__EXERCISE__
The entries that follow need to be printed exactly as they are, minus any pictures.

===== SUPPLIED RECORDS =====

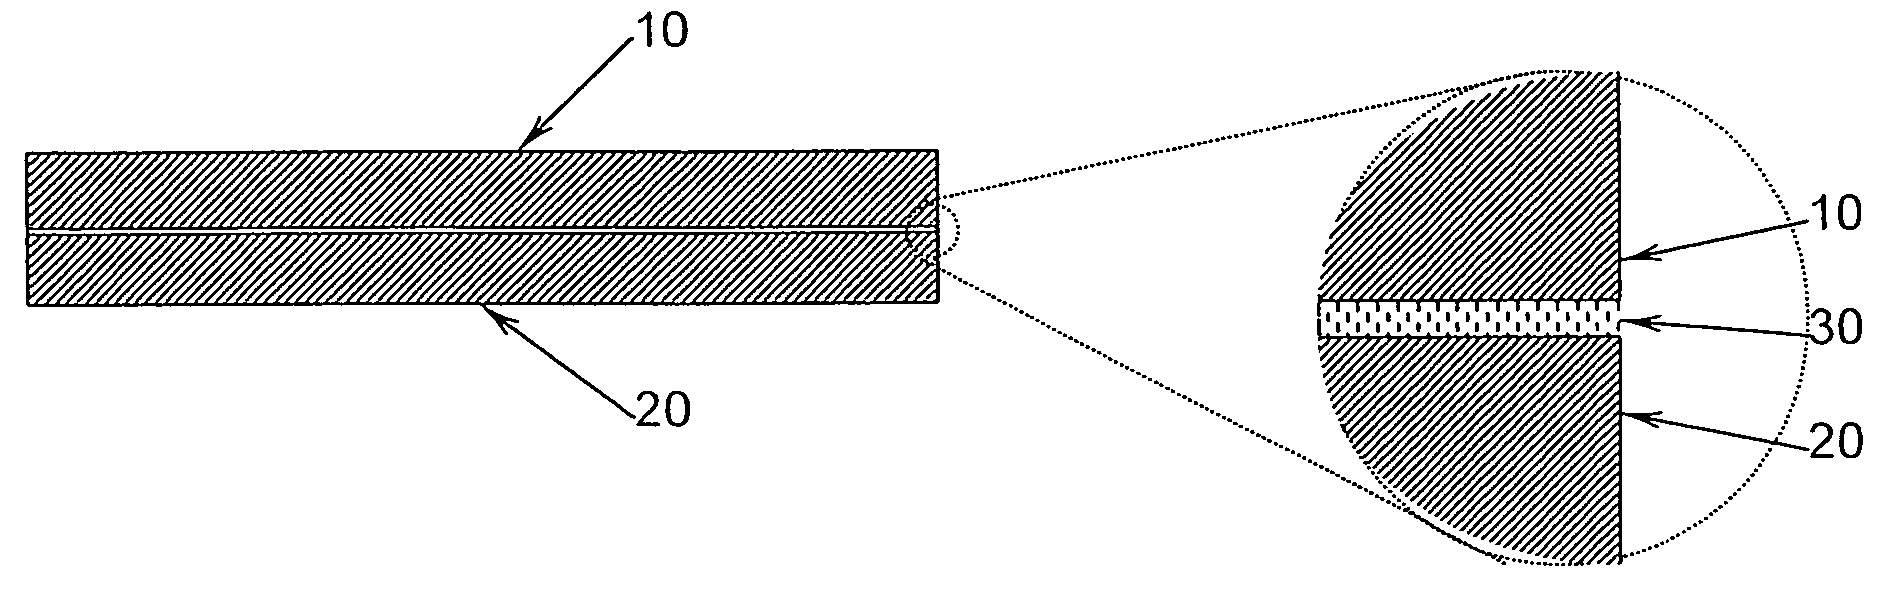 Laminated functional wafer for plastic optical elements
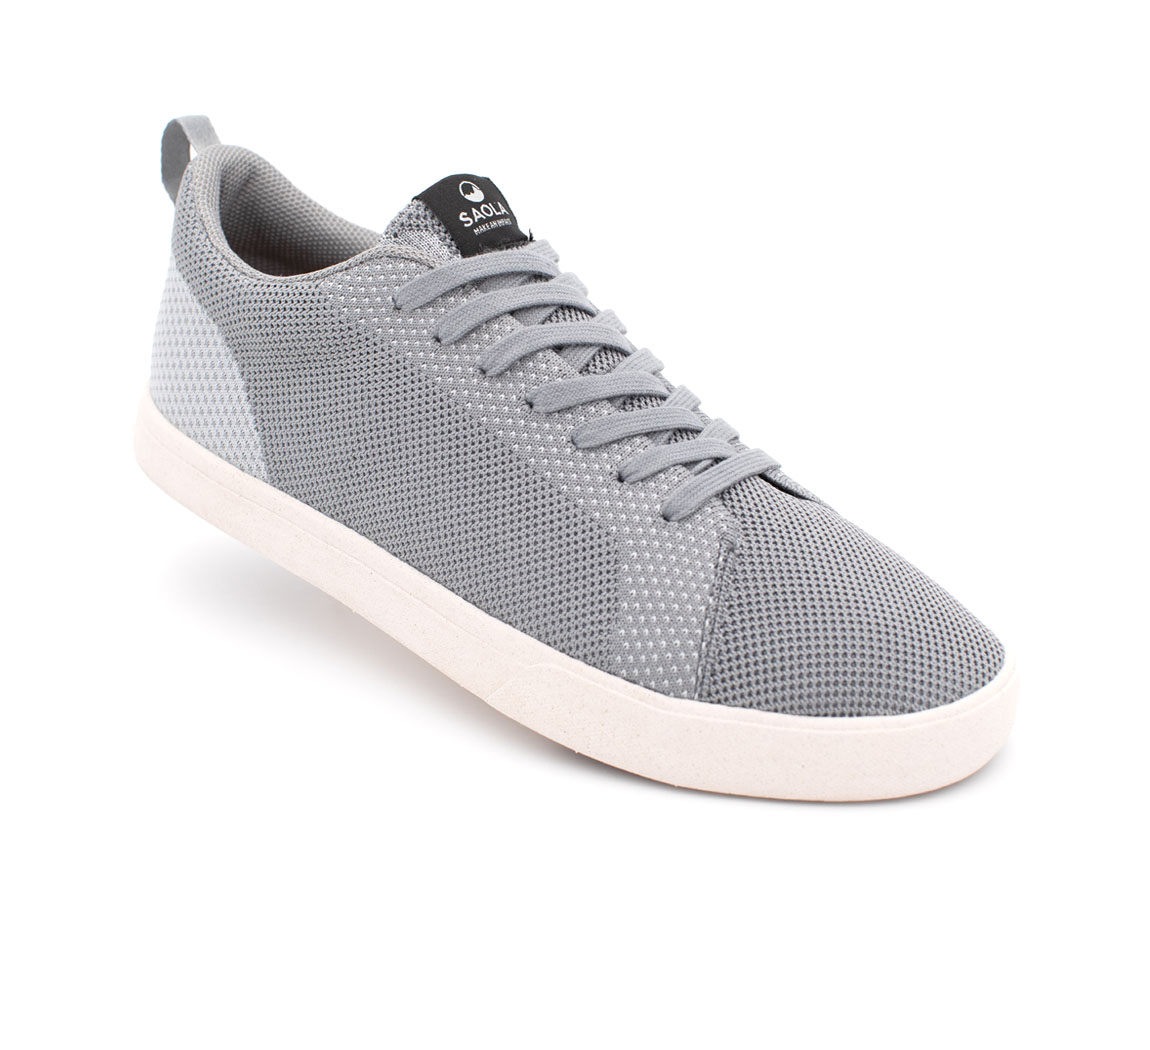 Chaussure homme Cannon Knit
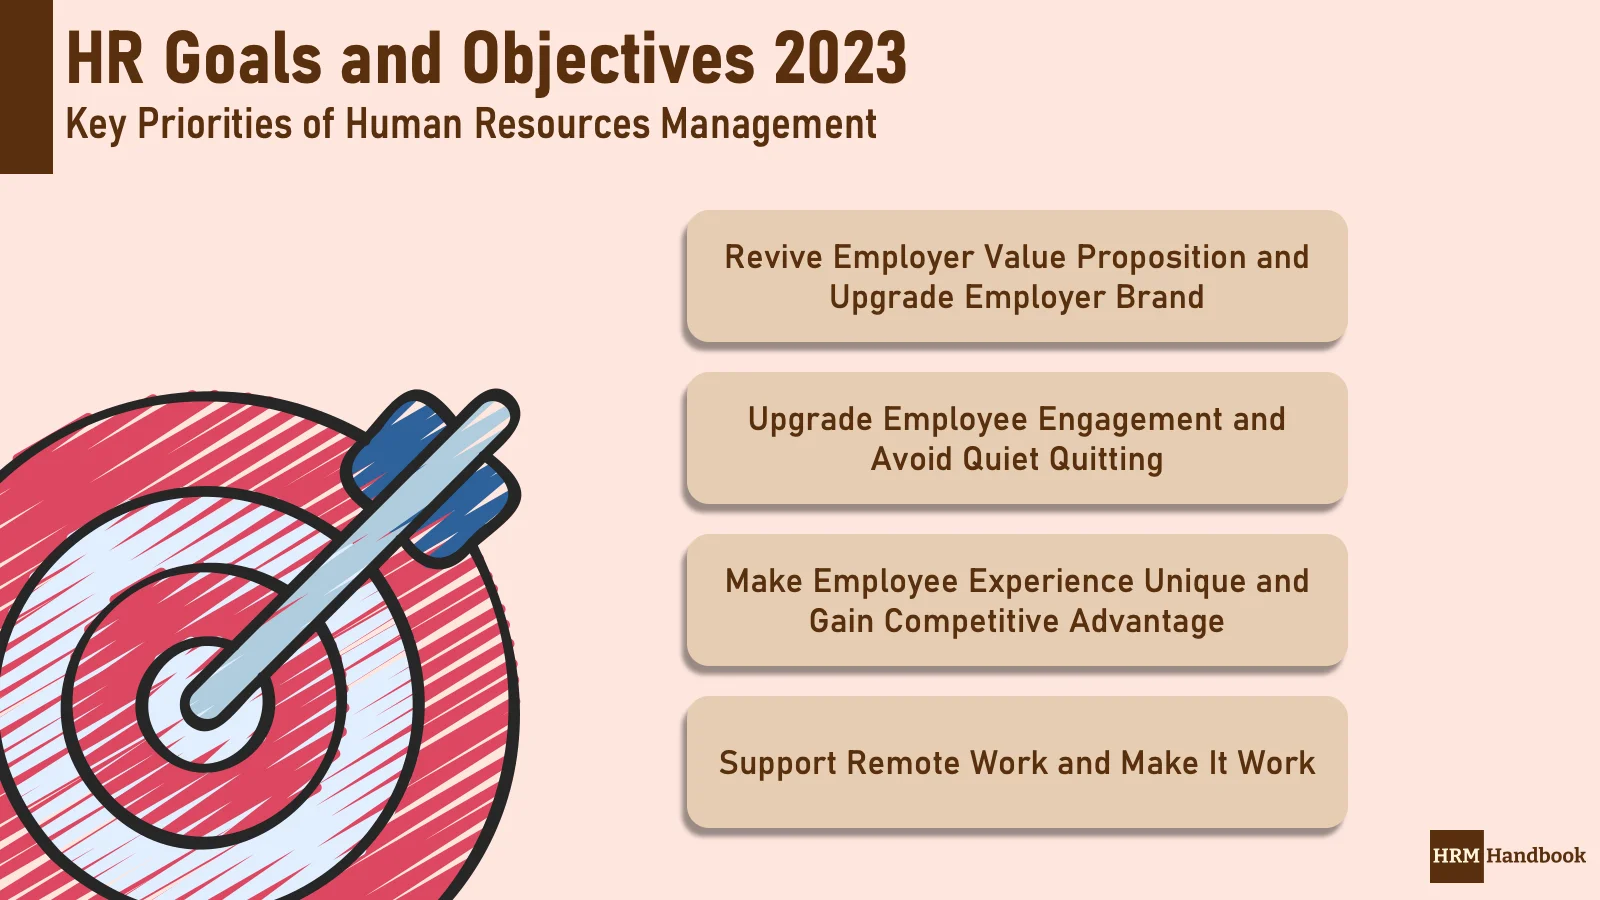 HR Goals and Objectives 2023
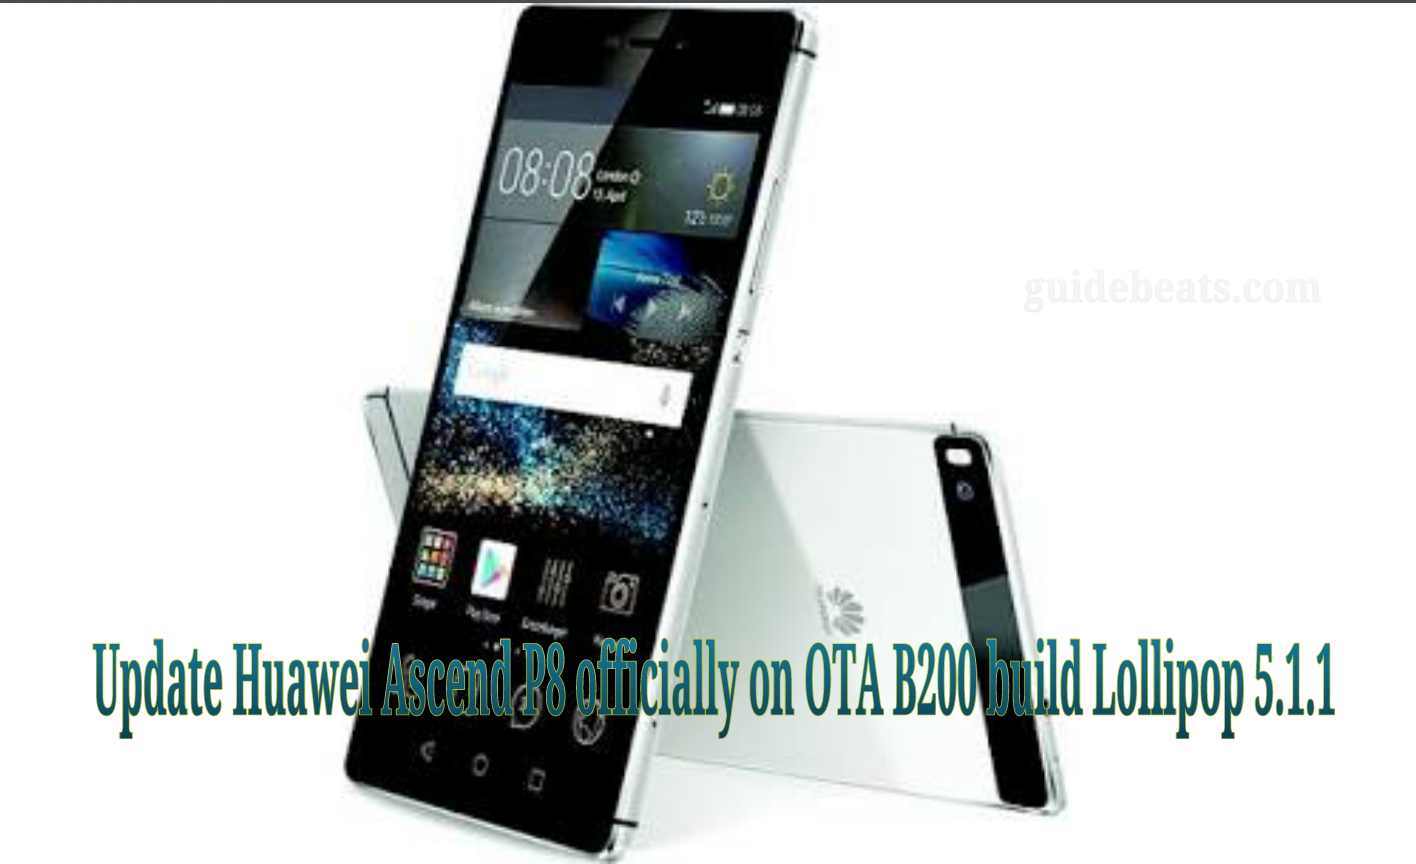 update Huawei Ascend P8 officially
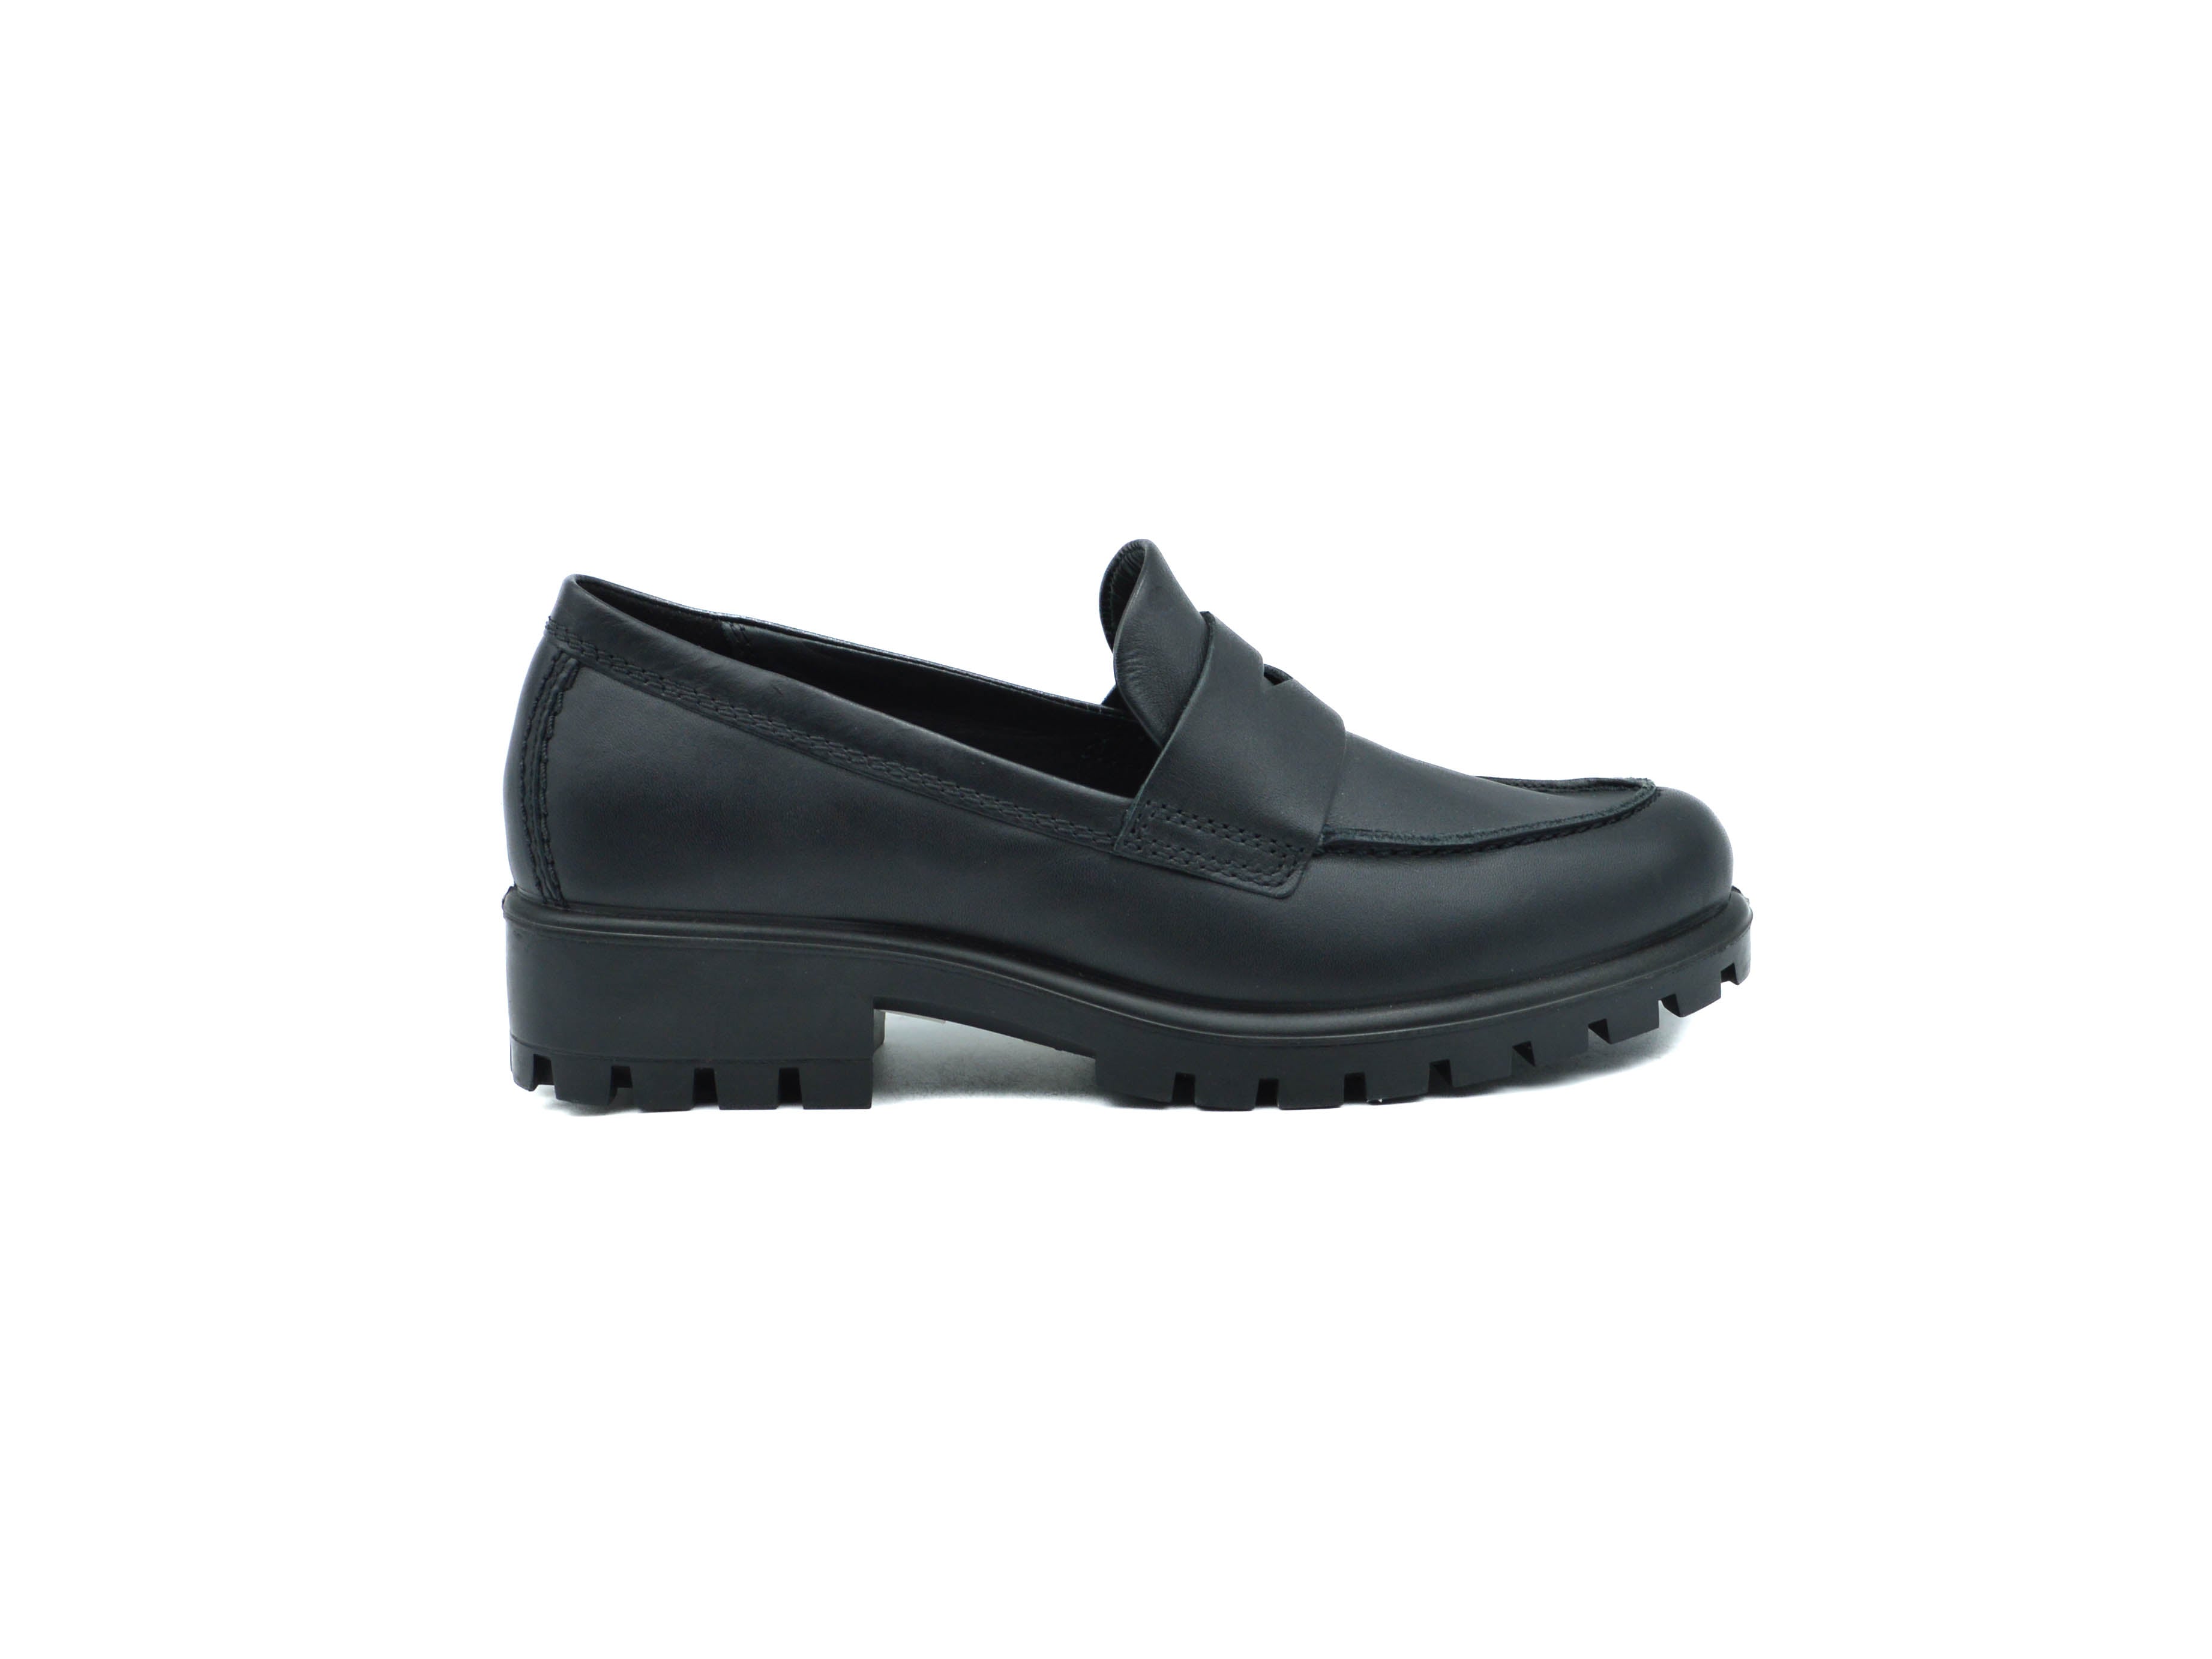 ECCO Loafer Modtray

=====

__SOLVED EXERCISE__
 Laminated functional wafer for plastic optical elements
 Chaussure homme Cannon Knit
 HR Goals and Objectives 2023
 update Huawei Ascend P8 officially
 ECCO Loafer Modtray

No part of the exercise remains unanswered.